• Exercise brief:
What you write must match, character for character, the lines from the one with "7 Loyalty Program" down to the one with "JOYSTAR Little Daisy" in the listing below, minus its pictures.

• Information supplied:

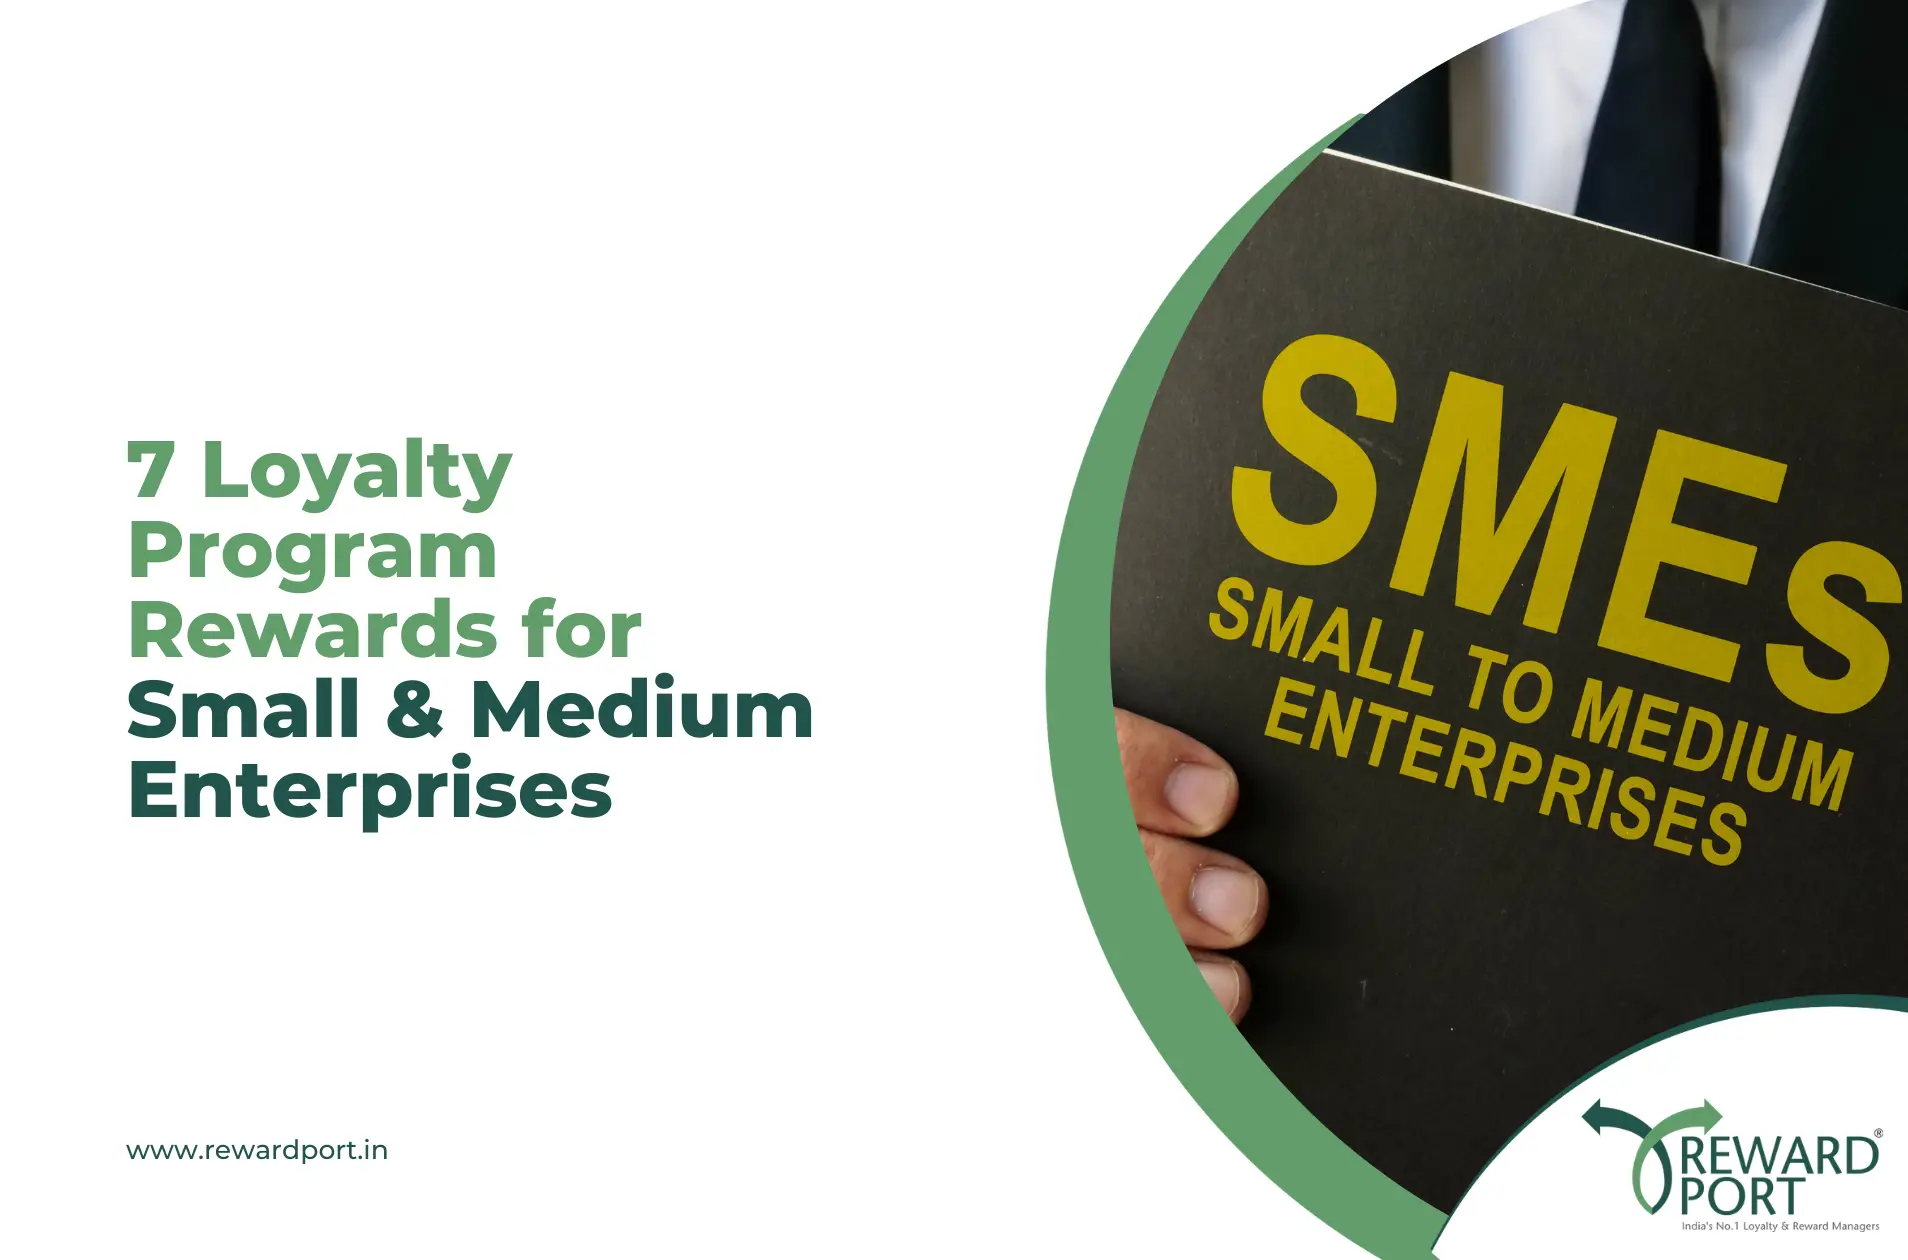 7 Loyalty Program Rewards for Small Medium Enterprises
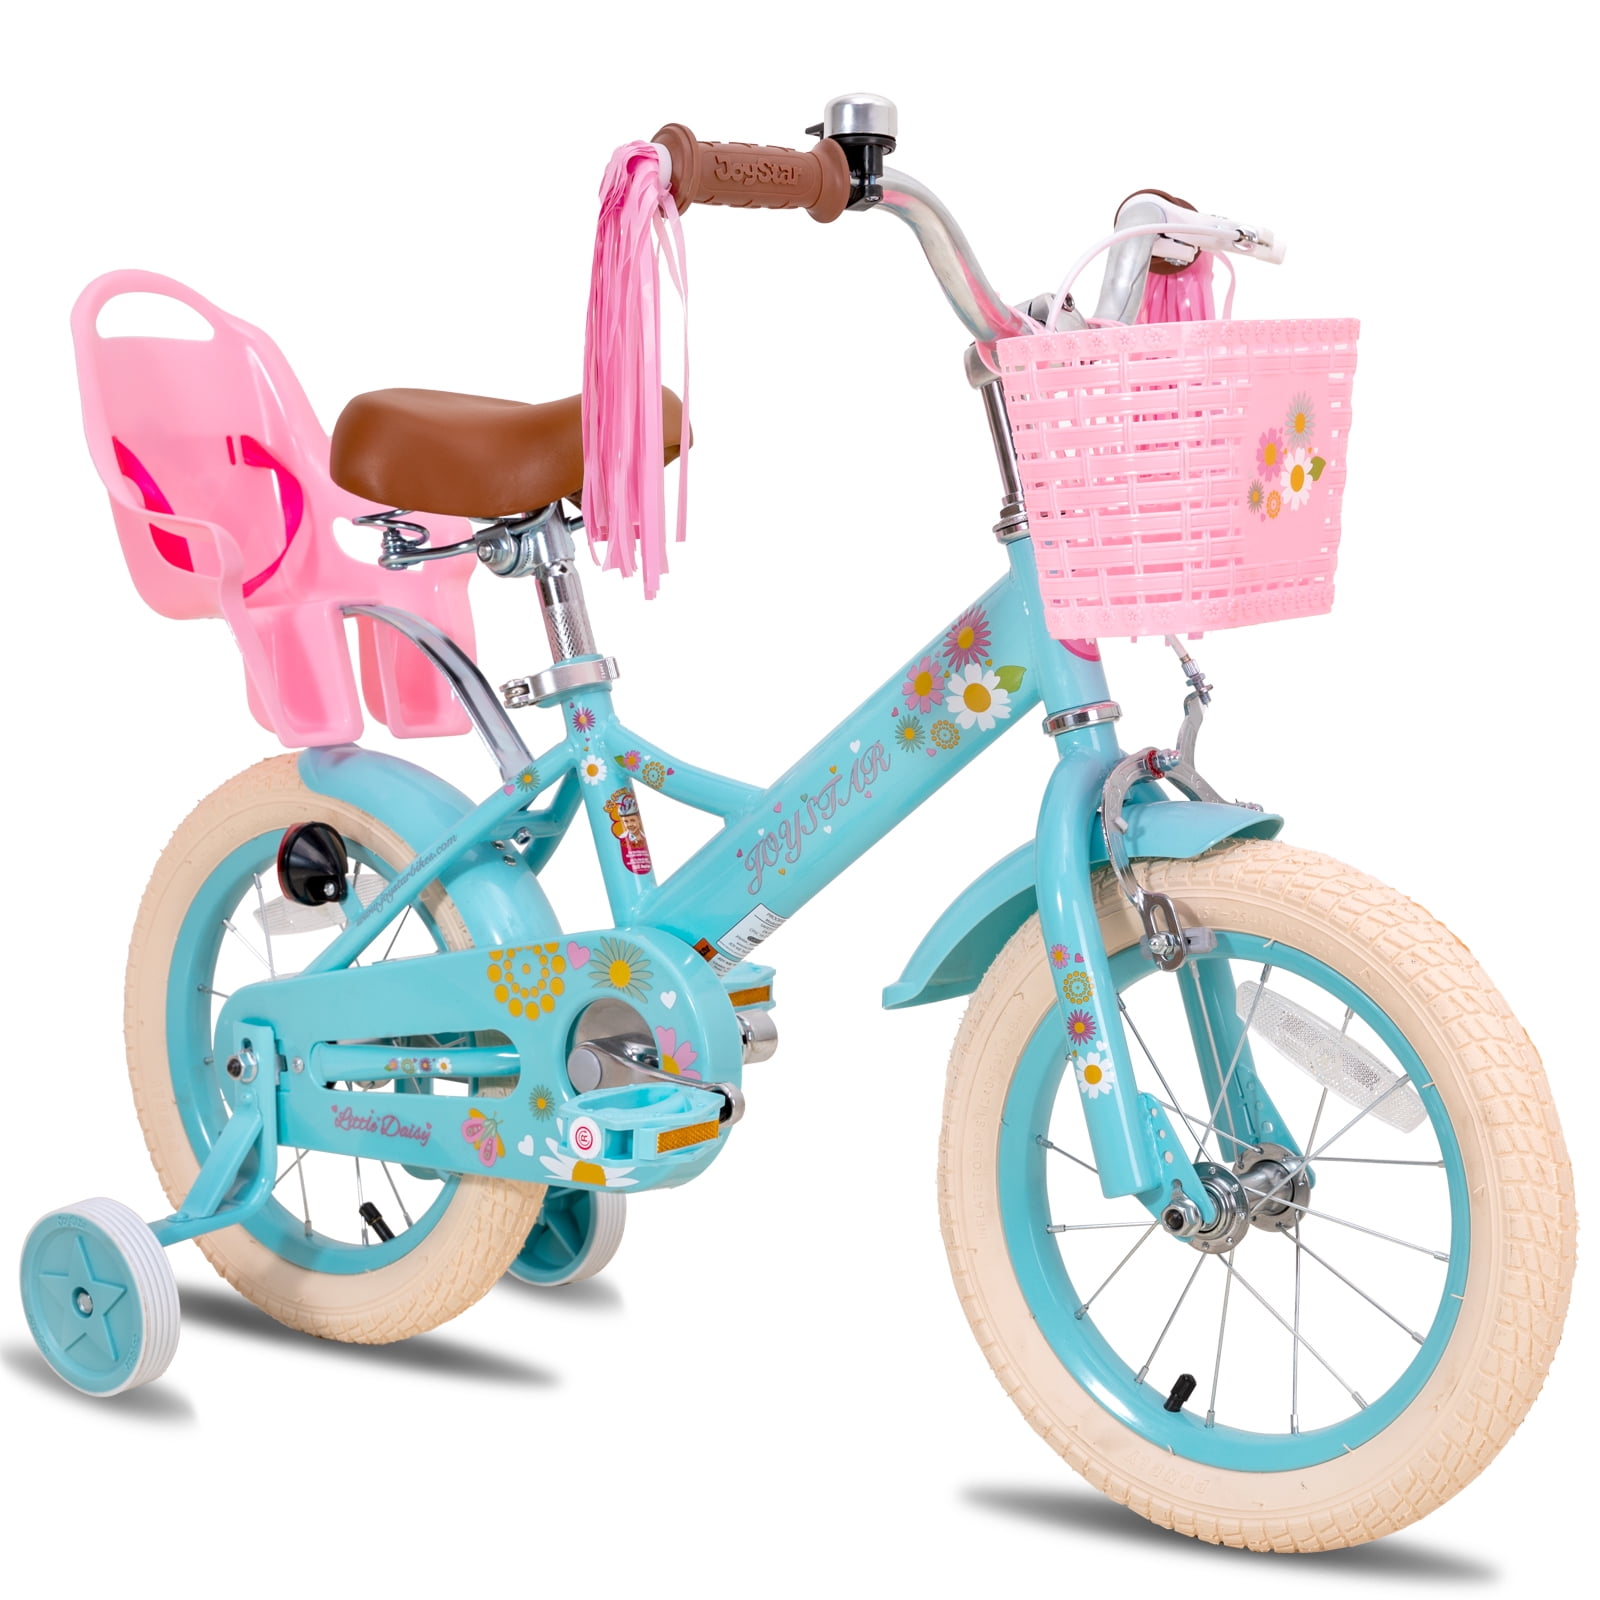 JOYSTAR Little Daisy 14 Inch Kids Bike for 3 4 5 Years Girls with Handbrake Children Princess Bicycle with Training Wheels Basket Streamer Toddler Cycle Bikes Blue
---
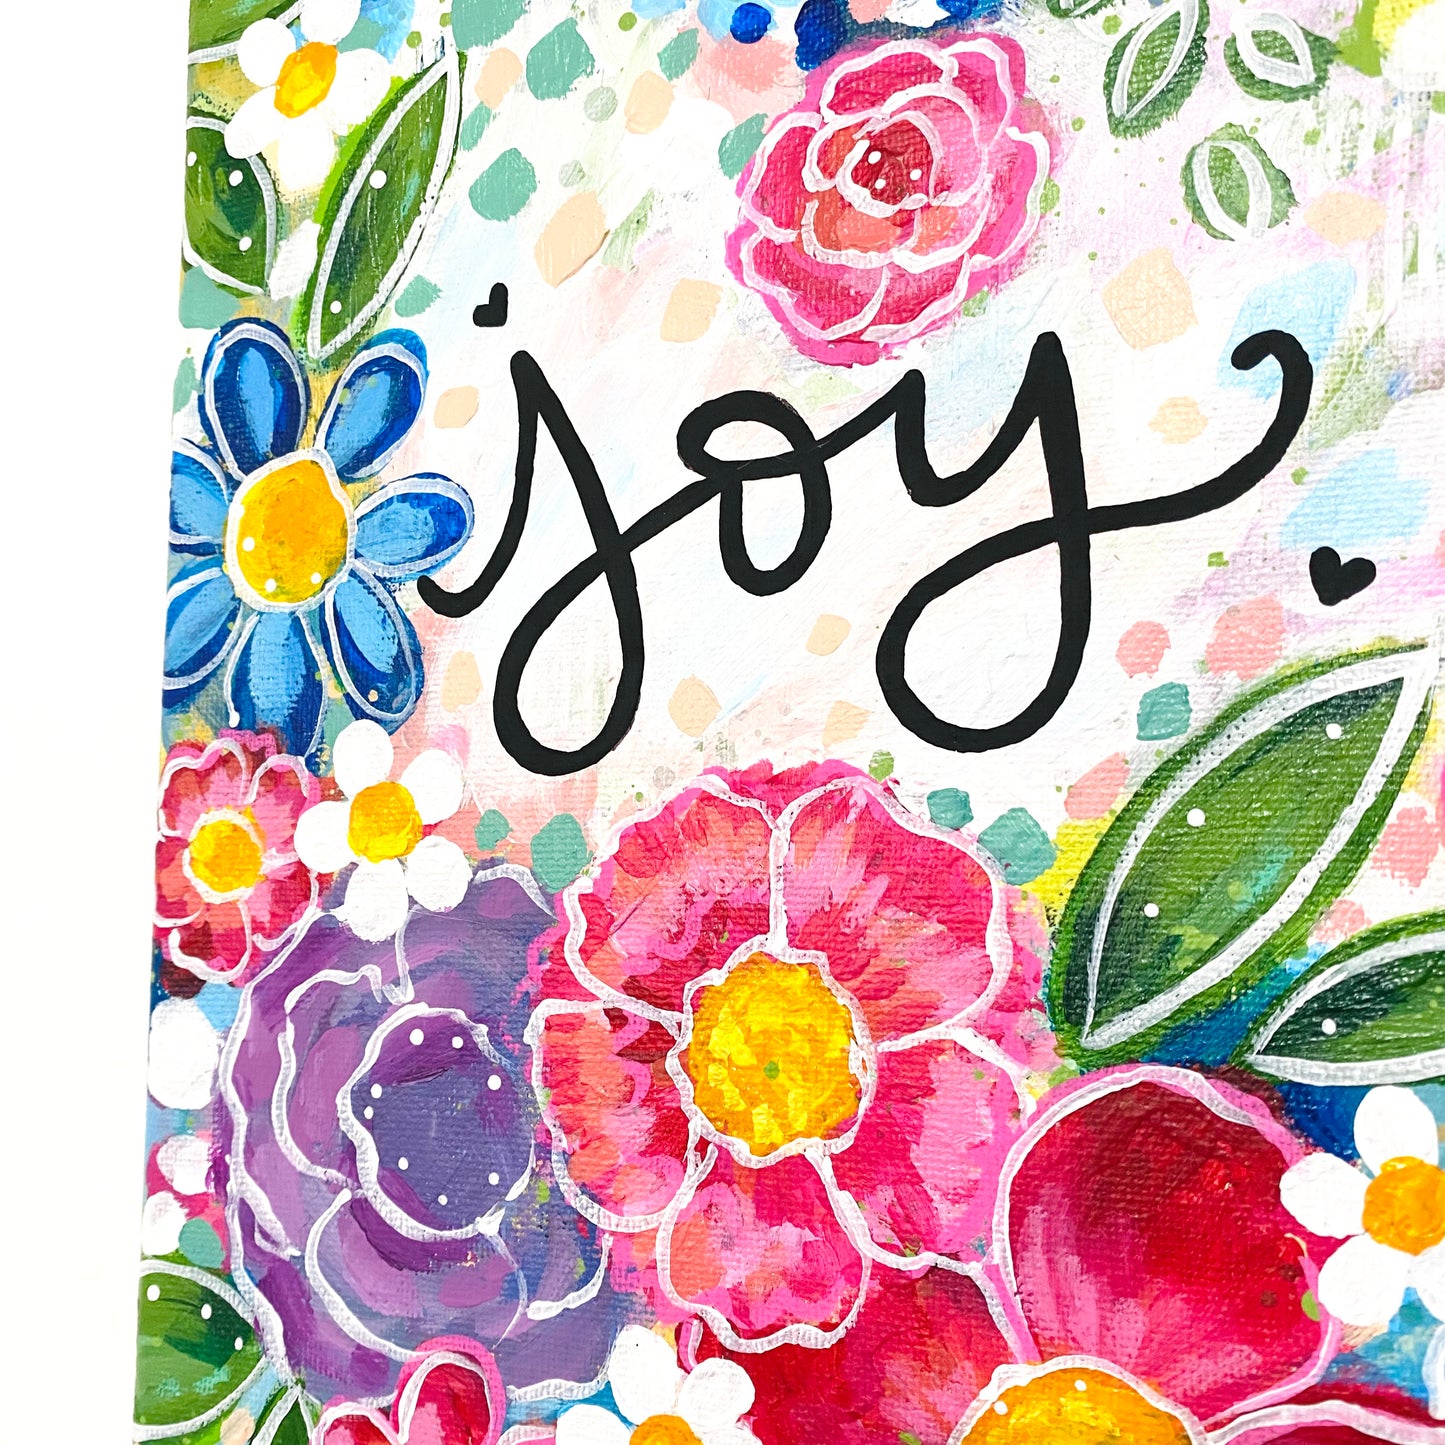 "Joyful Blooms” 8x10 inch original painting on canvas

• Solution to the problem:
 7 Loyalty Program Rewards for Small Medium Enterprises
 JOYSTAR Little Daisy 14 Inch Kids Bike for 3 4 5 Years Girls with Handbrake Children Princess Bicycle with Training Wheels Basket Streamer Toddler Cycle Bikes Blue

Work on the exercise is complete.